Our Take on What AI PMs Deserve

Dec 12, 2024

The GenAI Landscape: Through Our Eyes

When we first dove into the GenAI space in early 2023, we noticed something that didn't sit right with us. Nearly every tool was built for engineers and data scientists—the folks building the infrastructure. Makes sense, right? The field was new, and technical professionals were racing to launch innovative applications and showcase what this technology could do.

As we talked with teams implementing AI solutions, we watched the rise of "AI Engineers" and prompt specialists. Open-source libraries multiplied overnight. Products like Langsmith evolved to help with productivity, introducing features for testing prompts and configurations. Engineers were happy, and domain experts had ways to contribute.

But something was missing.

A Painful Reality to measure quality

After speaking with over 100 teams building AI products, we discovered a frustrating truth: product leaders were being left behind. The tools weren't designed with them in mind. We saw product leaders painfully reviewing agent runs manually, forced to sift through long text chunks for tiny insights into what actually works.

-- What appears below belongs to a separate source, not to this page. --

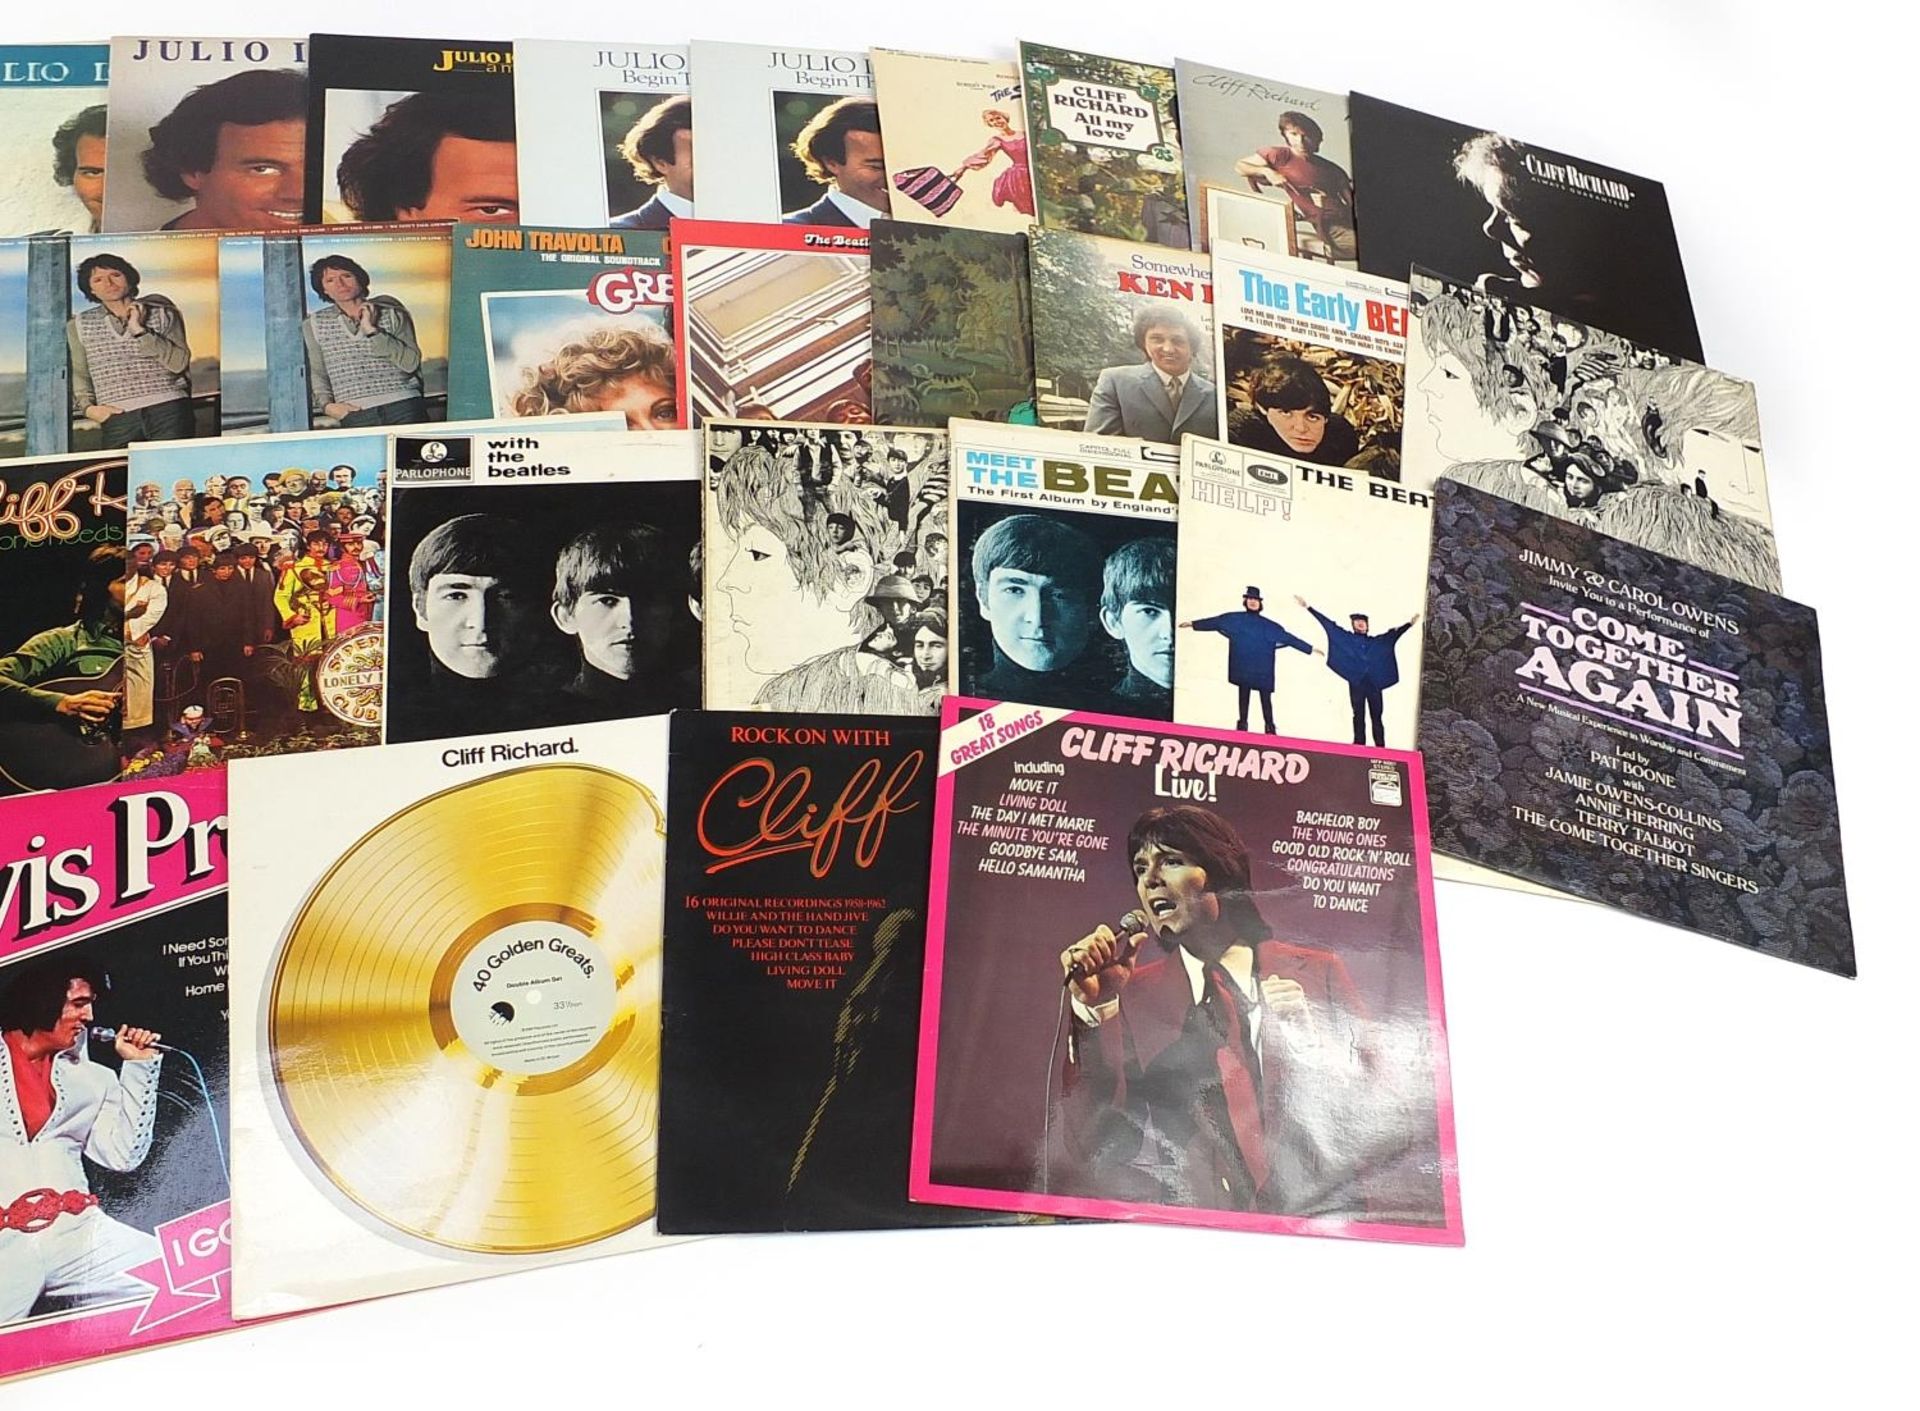 Vinyl LP records including The Beatles, Elvis Presley, Cliff Richard and Tom Jones - Image 3 of 3

This hit close to home for us. In most companies—AI-powered or not—product leaders make the tough calls that. They're the ones who need to know if something's working, why it isn't, and plan fixing it.

This need previously gave rise to giants like Amplitude, Mixpanel, and Fullstory. But here's the hard truth we've discovered: these platforms fall flat when analyzing GenAI applications with text or audio interactions. The unstructured nature of these interactions creates a blindspot that existing tools weren't built to address.

Three Questions AI Product Leaders Struggle to Answer

Through our conversations with early customers, we've identified three critical questions:

1. Where is it lacking?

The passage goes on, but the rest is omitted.